Surface Pro 4'ün bir diğer vurucu noktası da ekranı. Keza selefine kıyasla fark yarattığı bir diğer alan da burası. Pro 3'teki 12-inç'lik (2160 x 1440) IPS panelli ekranı, kasanın boyutunu aynı tutmayı başararak 12.3-inç'e çekmeyi başaran Microsoft çözünürlüğü de 2736 x 1824 piksele yükselterek nihai anlamda hem ppi değerini 216'dan 267'ye hem de ekranın kasaya oranını %72.88'den %76.57'ye çıkarmış ki bunlar harikulade değerler. Zaten piyasada halihazırda daha iyisi yok.
Bu arada iPad Pro'nun da %76.56'lık ekran/kasa oranına ve 264 ppi değerine sahip olduğunu söylemeden geçmeyelim. Yani Microsoft diğer bir deyişle fotofinişle birinci.
Bu geliştirmenin temel sebebi ise yukarıda da belirttiğimiz gibi ana ekran/başlat menüsü işlevi gören Windows tuşunun ekranın altından kaldırılmış oluşu böylece buradan boşalan alana 0.3-inç daha yerleştirilmesi mümkün oldu.
Surface Pro'nun ekranı hakkında tek diyebileceğimiz iPad Pro ile birlikte şimdiye kadar gördüğümüz en iyi iki ekrandan birisi olduğu. Pro 3'e kıyasla baktığımızda ise özellikle parlaklık başarımının daha yüksek olduğunu söyleyebiliriz.
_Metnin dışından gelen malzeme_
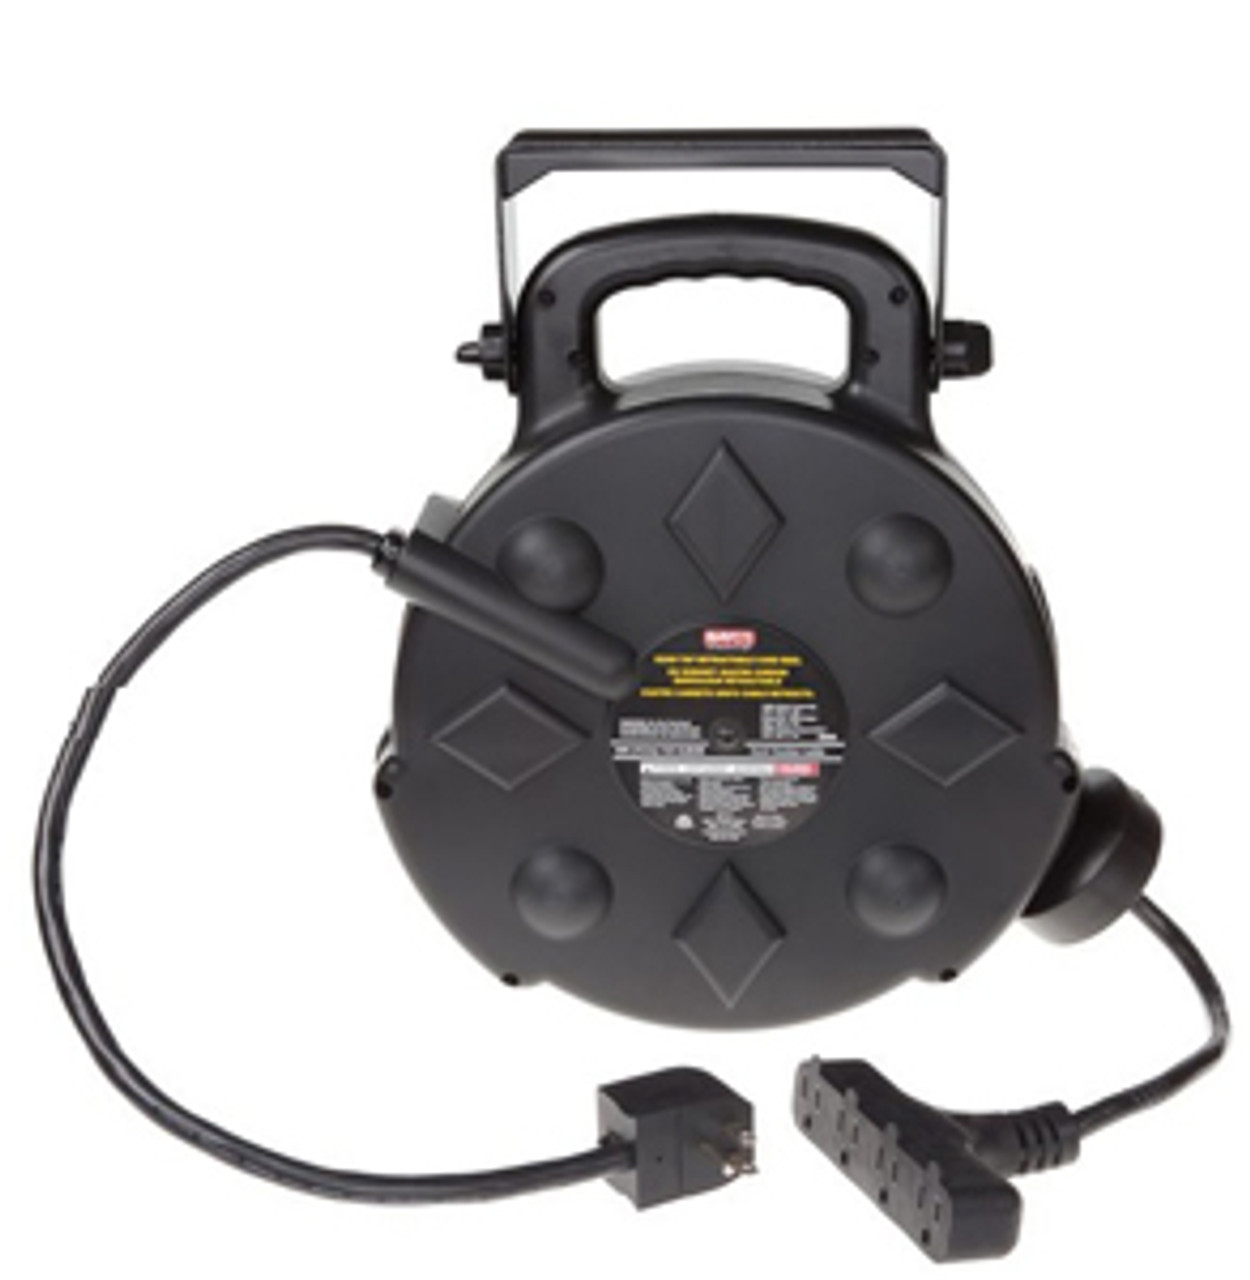 BYSL-8906 50' All Weather Extension Cord Reel - Wise Auto Tools LLC

Keza renkler de biraz daha doygunlaşmış.
sRGB renk gamutunun %99.7'sini kapsayan Pro 4'ün önünde sadece iPad Pro (%111) bulunuyor. Keza teknik verilerine baktığımızda 0.35'lik Delta-E değeriyle (mükemmel değer 0 olarak kabul ediliyor) karşılaştık ki burada da önünde yine sadece iPad Pro (%0.19) var. Delta-E kısaca renk isabetliliğini gösteren bir veri yani ekrandaki renklerin gerçek hayattaki renklere ne derece yakın olduğu.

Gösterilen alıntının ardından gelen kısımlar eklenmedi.